Ропс был главой многочисленного семейства. По воскресеньям Ропсы не шли в кино, а собирались в гостиной, садились в ряд под старинными часами и от души развлекались, глядя, как бежит время.
А вот Тик беспрестанно спрашивал себя: есть ли у камней душа? Он любил вещи, как живых людей. Особую любовь он питал к Джованне, зубной щетке своей жены. Тику больно было видеть, как она с каждым днем все редеет и тает. И вот однажды утром — он был один дома и решился — взял Джованну, распахнул окно и сказал: «Беги». Джованна взлетела и опустилась неподалеку на куст.
Лишь только мы дошли до широкой площади, моим глазам предстало удивительное зрелище. На высоте примерно трех метров на белом облачке преспокойно восседал человек в пурпурной мантии. Толпа, вздымая к небу руки, кричала: «Да здравствует Цезарь, да здравствует Цезарь…»
— Это какой Цезарь — Юлий? — спросил я у ангела.
— Нет, Кадабра.
Черт возьми, это был он! В этом живописном персонаже я узнал больного каталепсией, которого встретил в круге для чревоугодников. О, эти ангелы, сколь ангельски они милосердны! Внезапно от порыва ветра облако раскололось, и Кадабра упал на землю. Ангелы тут же подбежали ему помочь.
— Ничего-ничего, я не ушибся, — сказал Кадабра. — Лучше послушайте одну историйку.
Один из ангелов нажал кнопку, и мгновенно, словно метеорит в пространстве, прилетел стол, на который и взобрался наш герой в пурпурной мантии. В толпе призраков многие зааплодировали. Три ангела, пролетавшие в этот момент мимо, решили, что аплодисменты предназначены им. Они замерли, потом исполнили несколько фигур высшего пилотажа и понеслись дальше к Эмпирею.
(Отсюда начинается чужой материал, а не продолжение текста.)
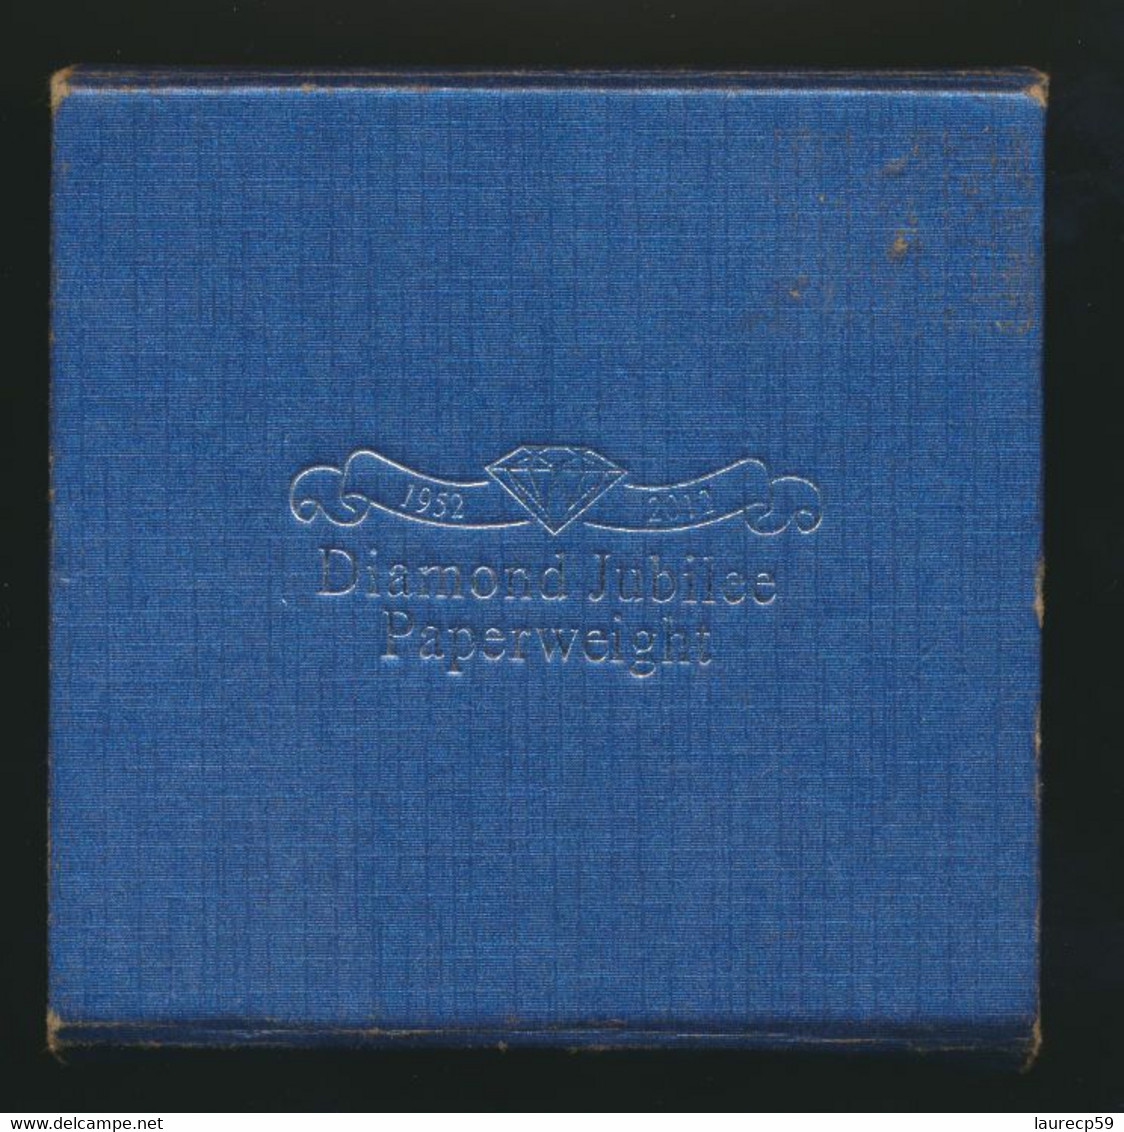 Sulfure -- Boule De Verre - Paperweight -  Souvenir Du Jubilé De La Reine Elizabeth II - 1952 -2012- England - Paper-weights

Цезарь Кадабра начал свой рассказ:
— Однажды мне в голову пришла удивительная мысль. Свернувшись клубком под одеялом, я думал: «Хочу дождаться сна, схватить его в тот самый миг, в миллионную долю мига, когда полудрема неощутимо и окончательно переходит в сон». Примерно четверть часа спустя всего меня охватило сладкое оцепенение: началось оно в нижних конечностях и, словно неторопливая, теплая река, потекло вверх до самой головы. «Вот он, этот миг», — с трепетом душевным прошептал я. И, словно гонимая назад ветром, река вернулась в свое русло. Чтобы время шло быстрее, я стал считать до пяти тысяч, потом начал читать наизусть стихи, запомнившиеся мне еще с далекого детства. Лучик света возвестил о наступлении зари. Странно, но я не мучился от бессонницы и чувствовал себя хорошо, вполне хорошо. Что же будет дальше? Я терпел, мне лишь очень хотелось спать, что вполне естественно, ведь я крепился из последних сил. В восемь утра в дверь постучал слуга. Я ответил ему громким храпом. В девять я вконец изнемог. И тогда (признаюсь в своей слабости) я отказался от своего намерения и заснул.
Рассказ Кадабры был встречен очень тепло. Воздух содрогался от смеха. Прибежали с десяток херувимов и сразу же присоединились к общему веселью. Херувимы — это души детей, блуждающие в пространстве. Глаза у них черные либо голубые, лицо и шея нежные, розовые, а на грациозных головках — густые, курчавые волосы.